M Wu and PM Hau and LX Li and CM Tsang and YK Yang and A Taghbalout and GTY Chung and SY Hui and WC Tang and N Jillette and JJ Zhu and HHY Lee and EL Kong and MSA Chan and JYK Chan and BBY Ma and MR Chen and CR Lee and KF To and AW Cheng and KW Lo, NATURE COMMUNICATIONS, 15, 3729 (2024).
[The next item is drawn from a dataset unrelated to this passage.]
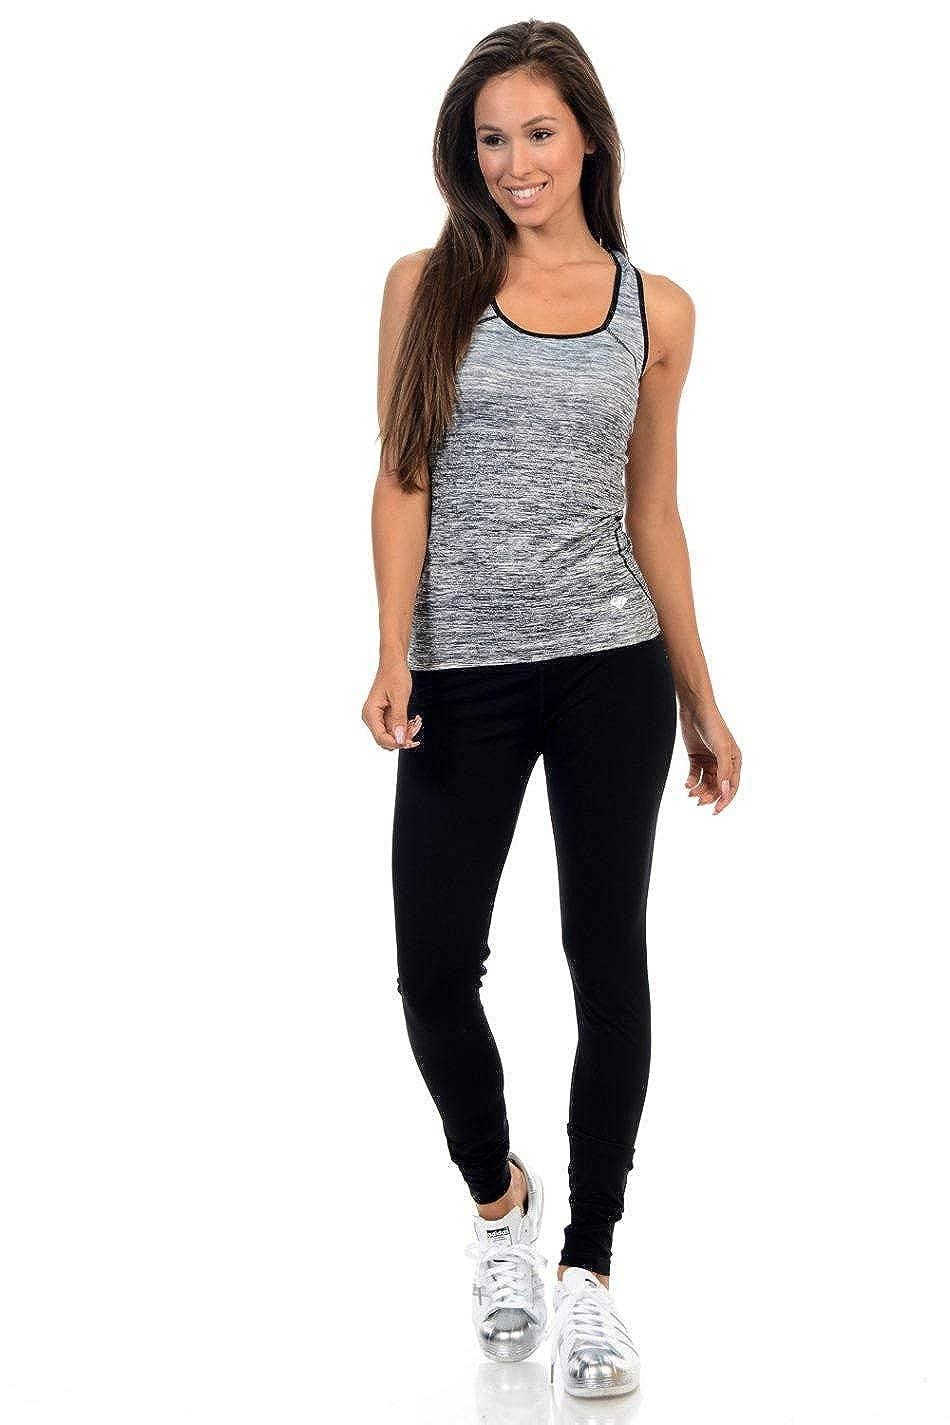 Style ACDN002-2 Diamante Womens Yoga Top Sportswear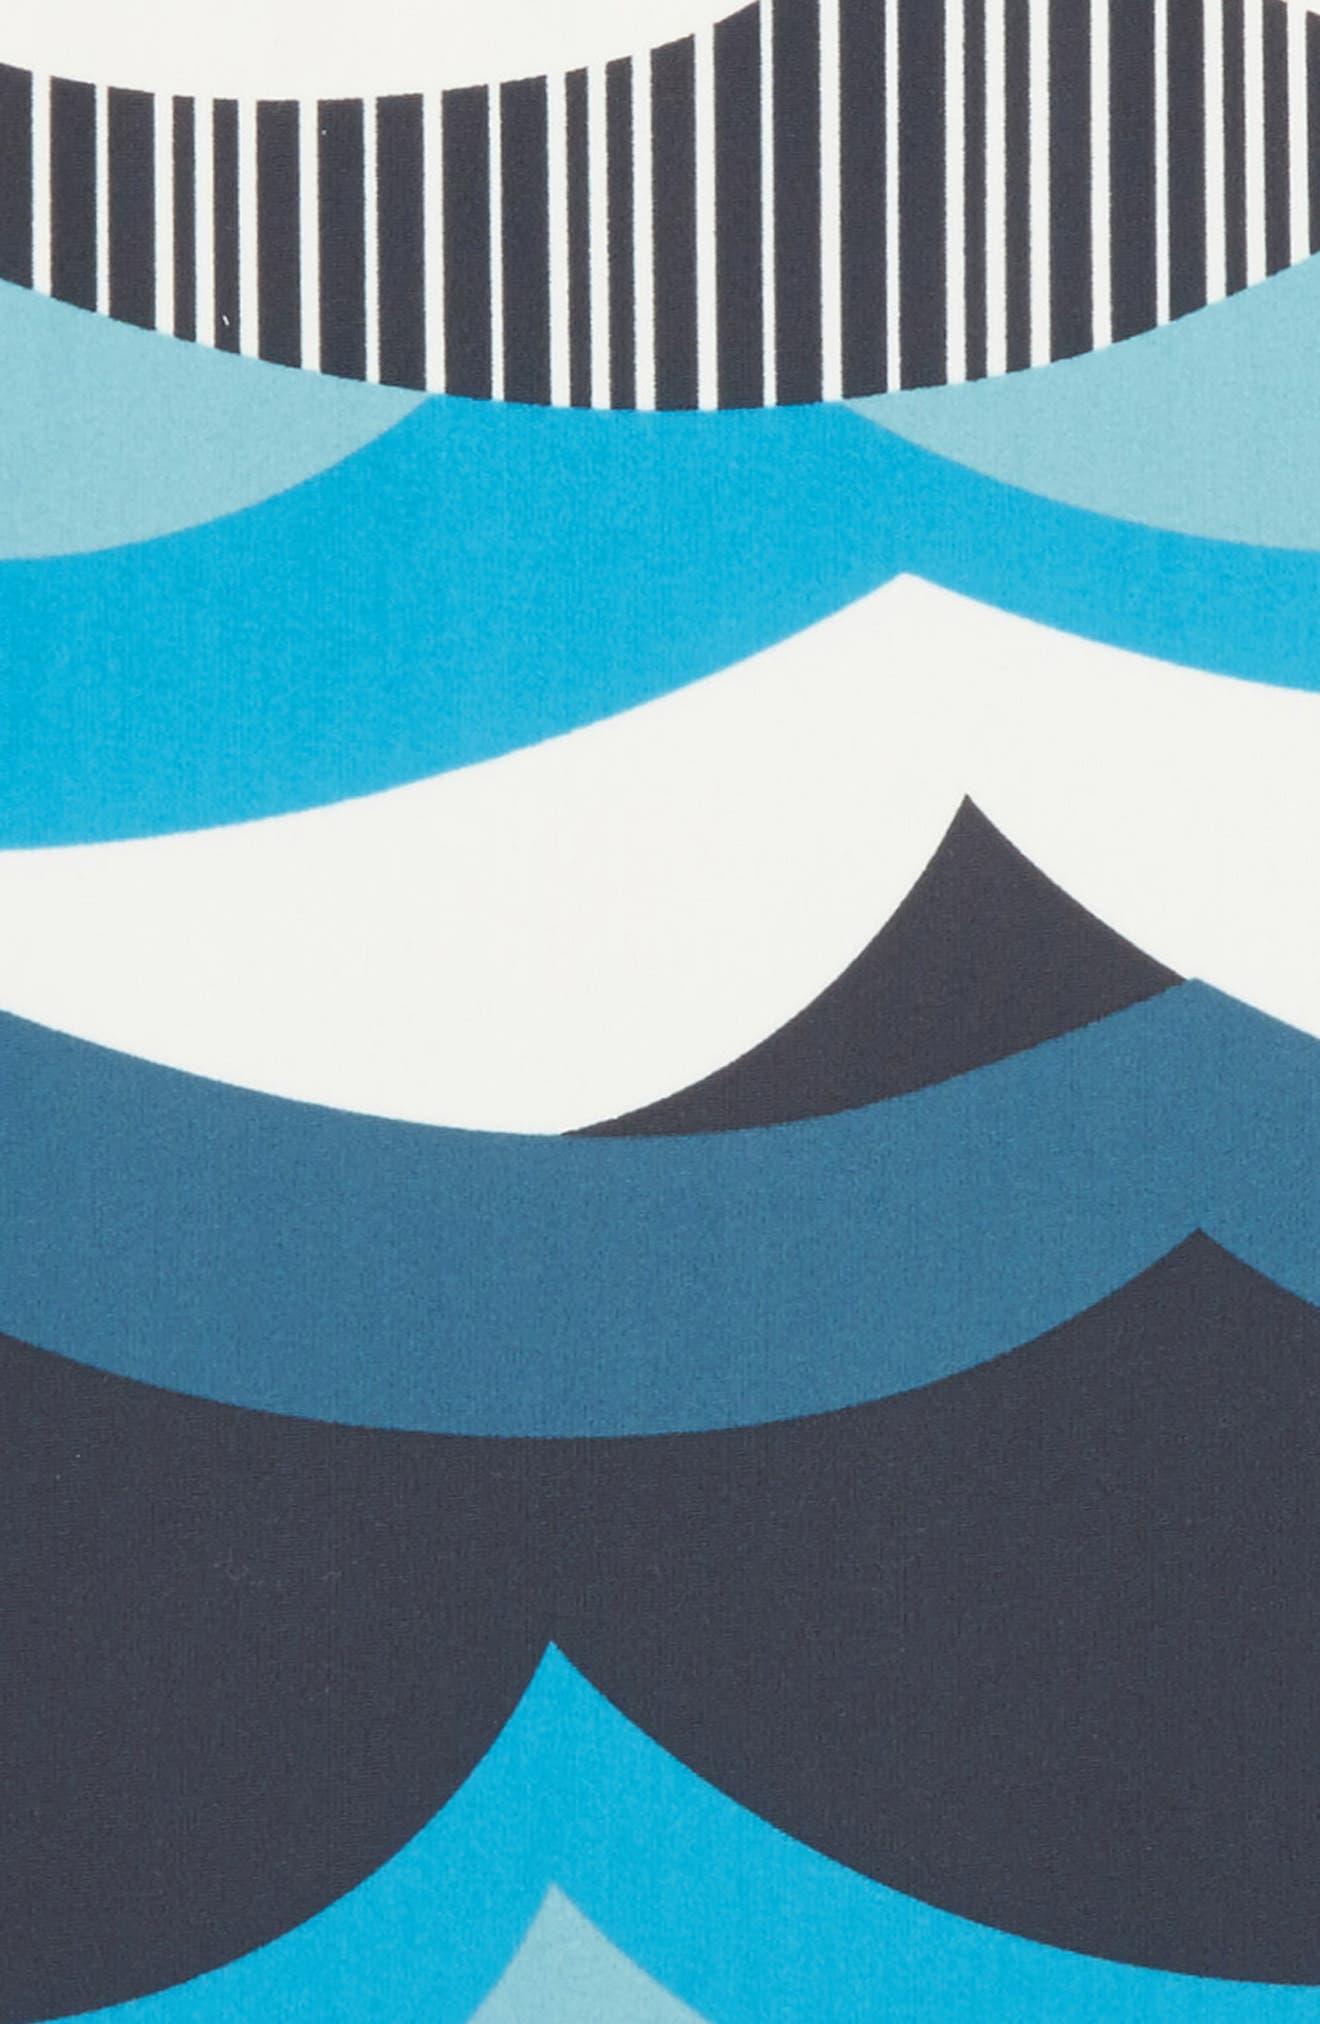 Make Waves One-Piece Swimsuit,                             Alternate thumbnail 2, color,                             Indigo

DOI: 10.1038/s41467-024-48031-8

The unique virus-cell interaction in Epstein-Barr virus (EBV)-associated malignancies implies targeting the viral latent-lytic switch is a promising therapeutic strategy. However, the lack of specific and efficient therapeutic agents to induce lytic cycle in these cancers is a major challenge facing clinical implementation. We develop a synthetic transcriptional activator that specifically activates endogenous BZLF1 and efficiently induces lytic reactivation in EBV-positive cancer cells. A lipid nanoparticle encapsulating nucleoside-modified mRNA which encodes a BZLF1-specific transcriptional activator (mTZ3-LNP) is synthesized for EBV-targeted therapy. Compared with conventional chemical inducers, mTZ3-LNP more efficiently activates EBV lytic gene expression in EBV-associated epithelial cancers. Here we show the potency and safety of treatment with mTZ3-LNP to suppress tumor growth in EBV-positive cancer models. The combination of mTZ3-LNP and ganciclovir yields highly selective cytotoxic effects of mRNA-based lytic induction therapy against EBV-positive tumor cells, indicating the potential of mRNA nanomedicine in the treatment of EBV-associated epithelial cancers.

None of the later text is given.